On 4/29/25 7:22 PM, Trond Myklebust wrote:
> On Tue, 2025-04-29 at 12:14 -0400, Chuck Lever wrote:
>> On 4/27/25 7:01 PM, trondmy@kernel.org wrote:
>>> From: Trond Myklebust <trond.myklebust@hammerspace.com>
>>>
>>> The Linux client assumes that all filehandles are non-volatile for
>>> renames within the same directory (otherwise sillyrename cannot
>>> work).
>>> However, the existence of the Linux 'subtree_check' export option
>>> has
>>> meant that nfs_rename() has always assumed it needs to flush writes
>>> before attempting to rename.
>>>
>>> Since NFSv4 does allow the client to query whether or not the
>>> server
>>> exhibits this behaviour, and since knfsd does actually set the
>>> appropriate flag when 'subtree_check' is enabled on an export, it
>>> should be OK to optimise away the write flushing behaviour in the
>>> cases
>>> where it is clearly not needed.
>>
>> No objection to the high level goal, seems like a sensible change.
>>
>> So NFSv3 still has the flushing requirement, but NFSv4 can disable
>> that
>> requirement as long as the server in question asserts
>> FH4_VOLATILE_ANY
>> and FH4_VOL_RENAME, correct?
>>
>> I'm wondering how confident we are that other server implementations
>> behave reasonably. Yes, they are broken if they don't behave, but
>> there
>> is still risk of introducing a regression.
> 
> I'd prefer to deal with that through other means if it turns out that
> we have to. The problem we have right now is that we are forcing a
> writeback of the entire file while holding several directory mutexes
> (as well as the filesystem-global s_vfs_rename_mutex).

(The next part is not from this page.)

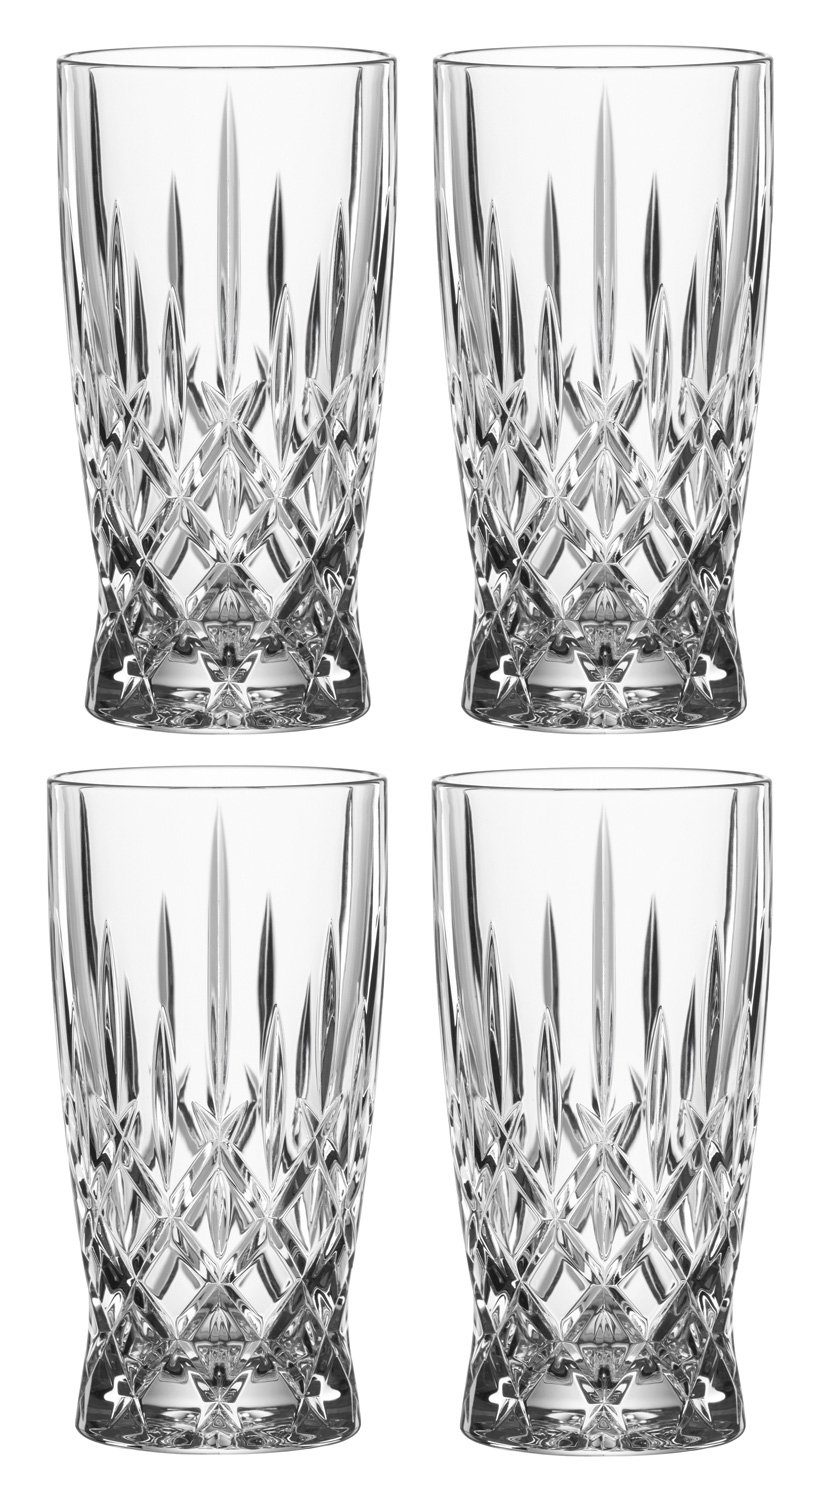 Nachtmann Latte-Macchiato-Glas NOBLESSE, 9-teilig, Transparent, mit Schliff, Kristallglas, mit 4 Gläsern, 4 Trinkhalmen und 1 Reinigungsbürste

That's terrible
> for performance and scalability.
> 
>>
>>
>>> Signed-off-by: Trond Myklebust <trond.myklebust@hammerspace.com>
>>> ---
>>>  fs/nfs/client.c           |  2 ++
>>>  fs/nfs/dir.c              | 15 ++++++++++++++-
>>>  include/linux/nfs_fs_sb.h |  6 ++++++
>>>  3 files changed, 22 insertions(+), 1 deletion(-)
>>>
>>> diff --git a/fs/nfs/client.c b/fs/nfs/client.c
>>> index 2115c1189c2d..6d63b958c4bb 100644
>>> --- a/fs/nfs/client.c
>>> +++ b/fs/nfs/client.c
>>> @@ -1105,6 +1105,8 @@ struct nfs_server *nfs_create_server(struct
>>> fs_context *fc)
>>>  		if (server->namelen == 0 || server->namelen >
>>> NFS2_MAXNAMLEN)
>>>  			server->namelen = NFS2_MAXNAMLEN;
>>>  	}
>>> +	/* Linux 'subtree_check' borkenness mandates this setting
>>> */
>>
>> Assuming you are going to respin this patch to deal with the build
>> bot
>> warnings, can you make this comment more useful? "borkenness" sounds
>> like you are dealing with a server bug here, but that's not really
>> the case. subtree_check is working as designed: it requires the extra
>> flushing. The no_subtree_check case does not, IIUC.
> 
> subtree checking is working as designed, but that doesn't change the
> fact that it is a violation of the NFSv3 protocol. You can't to change
> the filehandle in mid flight in any stateless protocol, because that
> will break applications.

My point is that the comment you add in this patch, although whimsical,
is not terribly illuminating. A more expansive comment (with the detail
you provide above) would be helpful.

But if subtree_check is not compliant with RFC 1813, perhaps we should
consider finally deprecating and removing it. At least exports(5) should
mention the spec compliance issue, but my copy of exports(5) does not.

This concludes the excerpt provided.